Un terrorista a Bergamo, un giudice a Berlino, un avvocato per Dauda!
sabato, giugno 19th, 2010
Il proprietario del locale si difende, attacca, insulta la redazione di Bergamonews:
Siete terroristi. Non abbiamo nient’altro da dire
Terroristi a parte, questa è la sua linea difensiva:
Quanto è stato scritto è una menzogna. E’ vero che il ragazzo quando si è presentato non aveva un abbigliamento curato ed è stato respinto.
Ora, non sono avvocato, ma girovagando in rete si possono leggere molte testimonianze sugli abusi nella selezione all’ingresso delle discoteche e dei locali. Questa è una delle tante:
ok, ci provo io a rispondere alla domanda vvisto che osno un ” addetto ai lavori ” ovvero “security” nei locali pubblici in particolare discoteche.
l’accesso ai locali è praticamente aperto a tutti coloro sono in modo personale accettabili, non è ammesso l’ingresso in qualsiasi locale pubblico nel caso la persona sia igienicamente sporca o ubriaca o drogata.
per capirci non è possibile impedire l’ingresso per vestito non consono all’ambiente l’importante è che sia pulito!
spesso ci troviamo a respingere all’ingresso o ad allontanare successivamente extracomunitari in condizioni igieniche non ottimali o in stato psicofisico alterato da alcol o droghe in questo caso è consentito.
l’impossibilità di frequentare un locale pubblico da parte di una o più persone è consentita solo da ordinanza prefettizia o di procura.
cordiali saluti
snoopydimenticavo, chiunque impedisce l’ingresso in un locale piubblico senza giustificato motivo è penalmente perseguidile con querela della persona offesa art 610 (violenza privata) e se la motivazione è per vestito indecente o male vestito vi è anche offesa personale.

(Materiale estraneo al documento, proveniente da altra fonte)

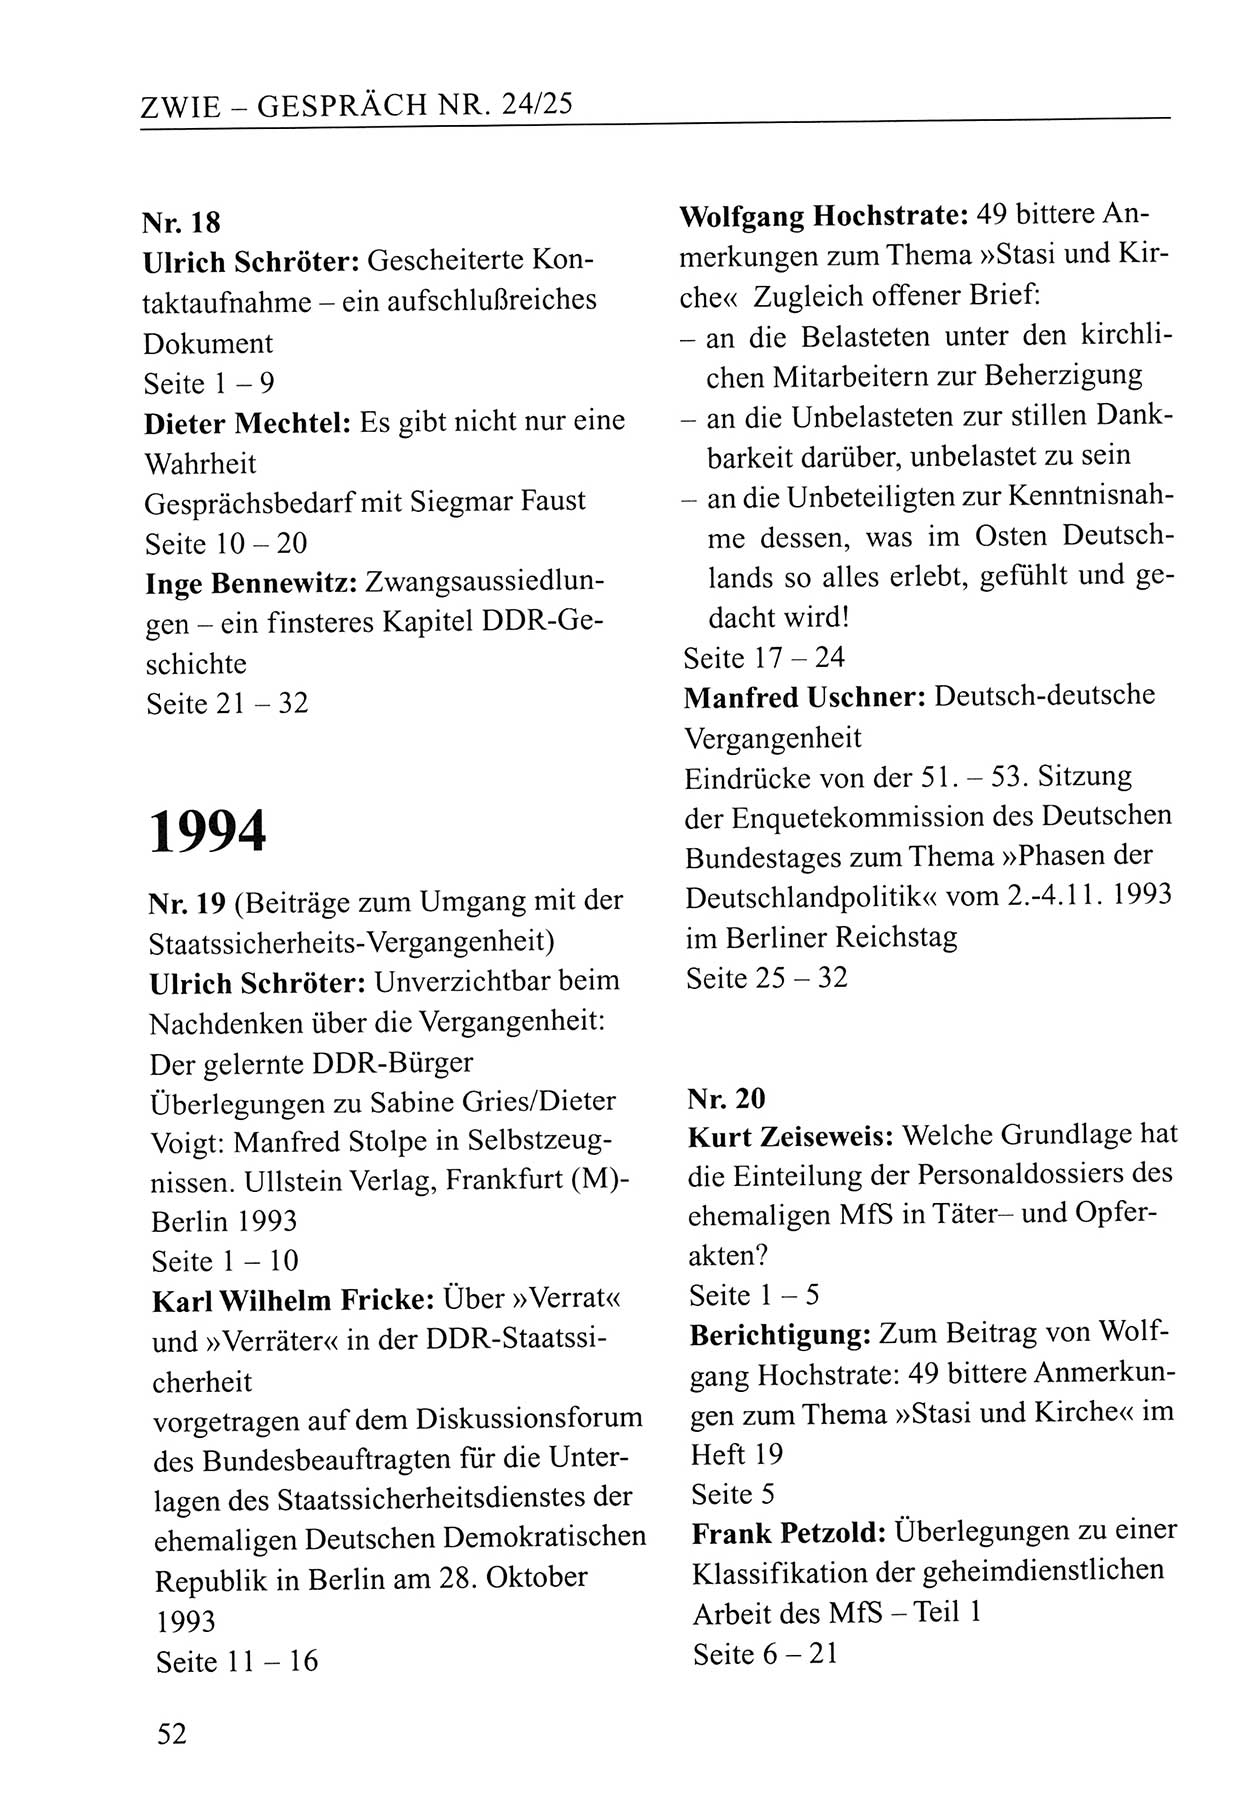 Zwie-Gespräch, Beiträge zum Umgang mit der Staatssicherheits-Vergangenheit [Deutsche Demokratische Republik (DDR)], Ausgabe Nr. 24/25, Berlin 1994, Seite 52 (Zwie-Gespr. Ausg. 24/25 1994, S. 52)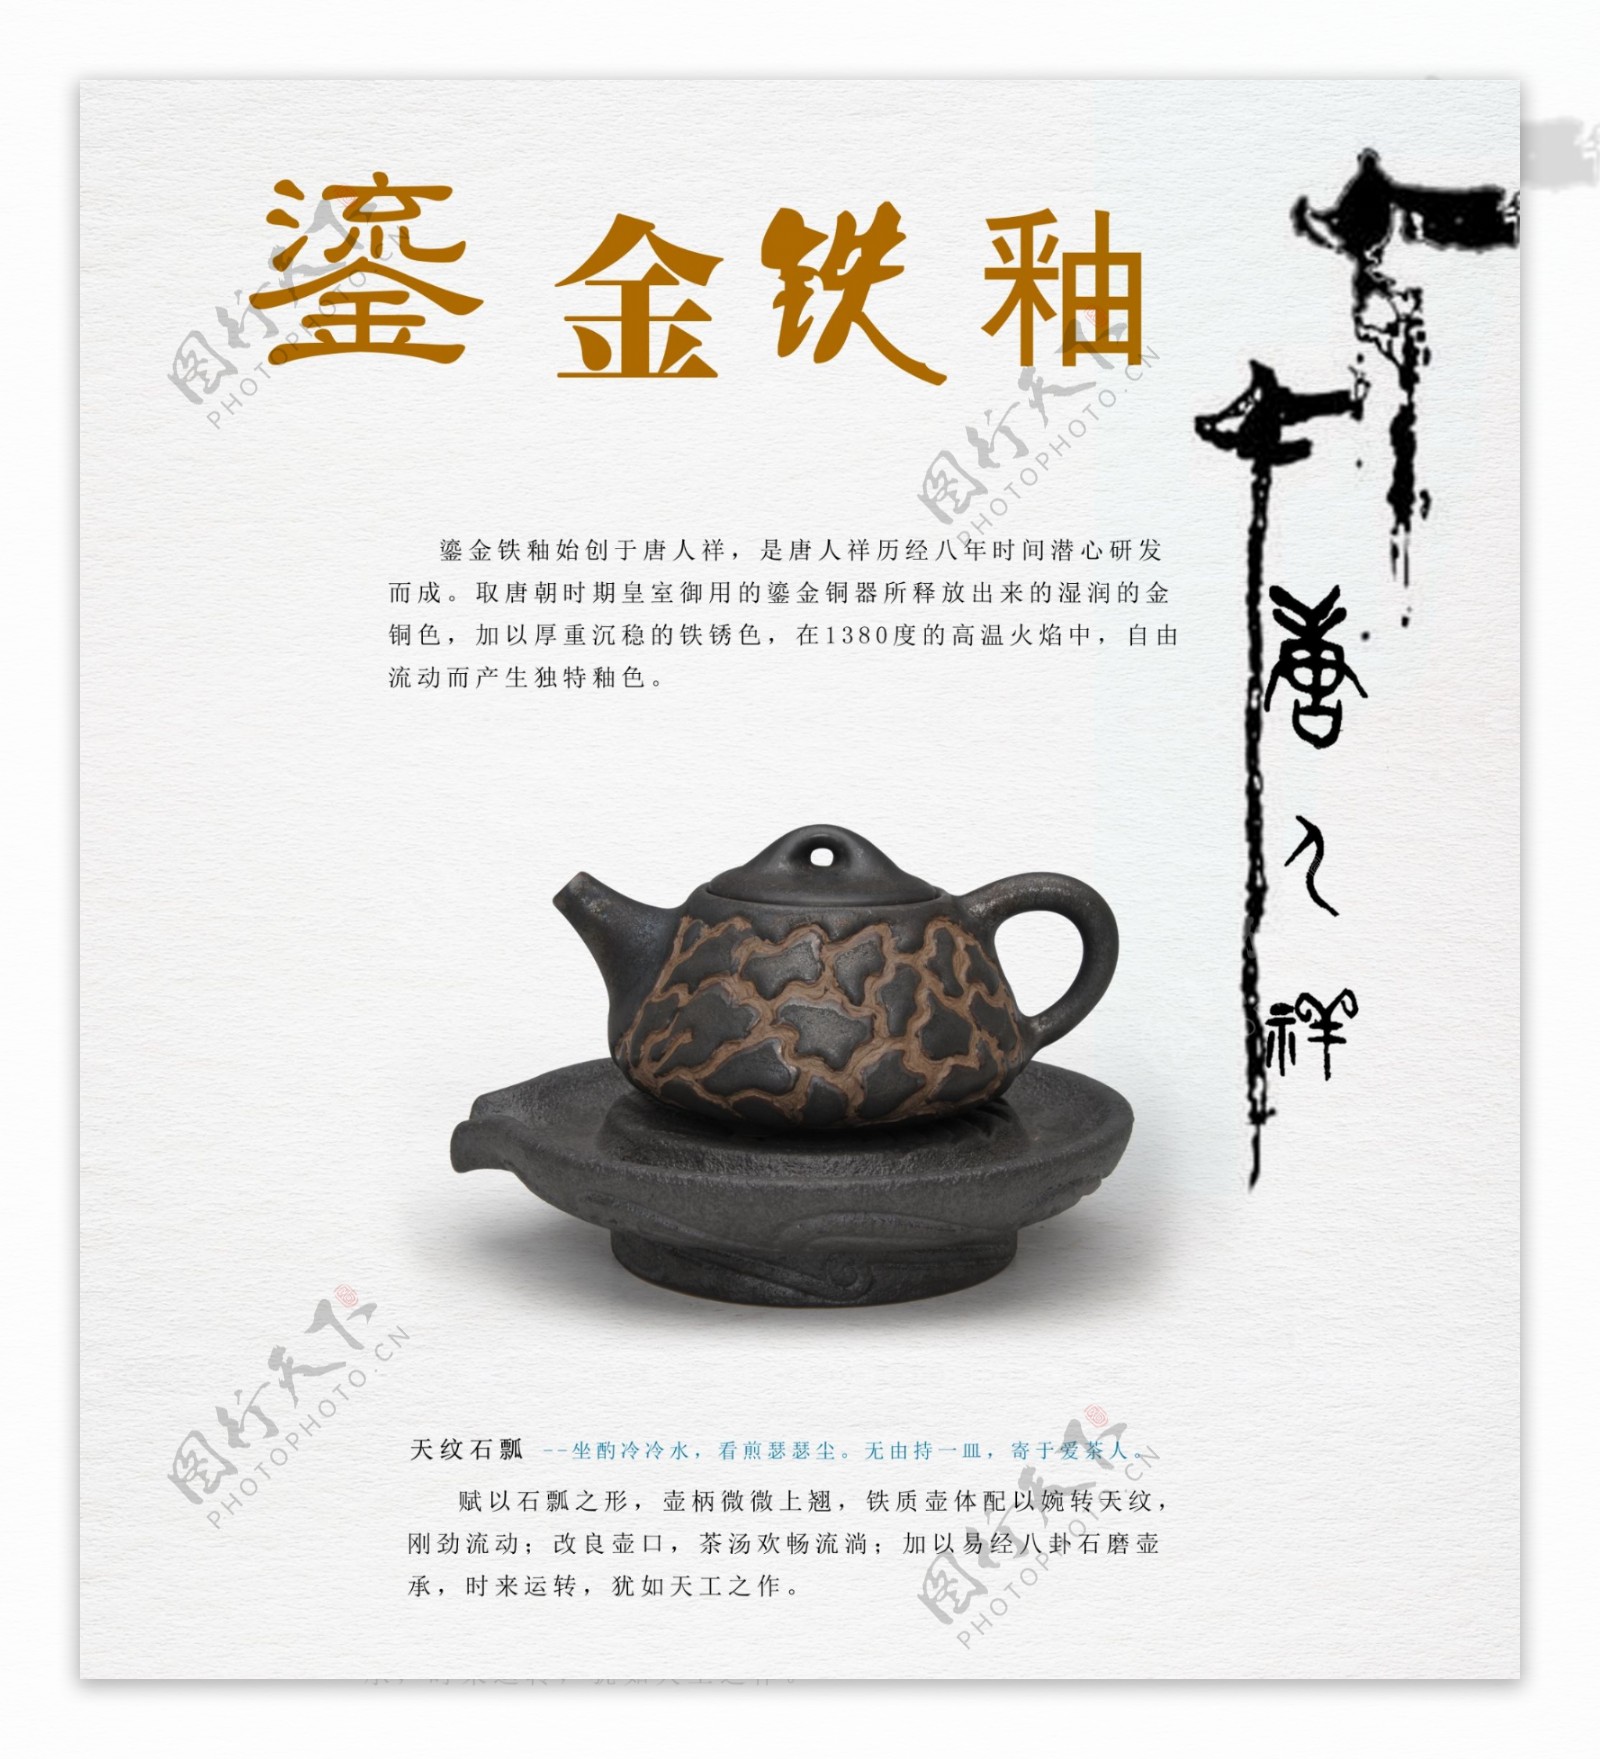 鎏金茶具文化海报PSD素材

il proprietario di un notissimo locale della riviera romagnola ha sborsato 20 mila euro di risarcimento danni ad un cliente respinto all’ingresso perchè indossava scarpe ginniche, l’uomo aveva querelato l’addetto all’ingresso e avendo lo stesso addetto dichiarato di “eseguire gli ordini”. anche il proprietario.
saluti
snoopy
Ci chiedevamo se c’è un giudice a Berlino… Sicuramente c’è un avvocato per Dauda.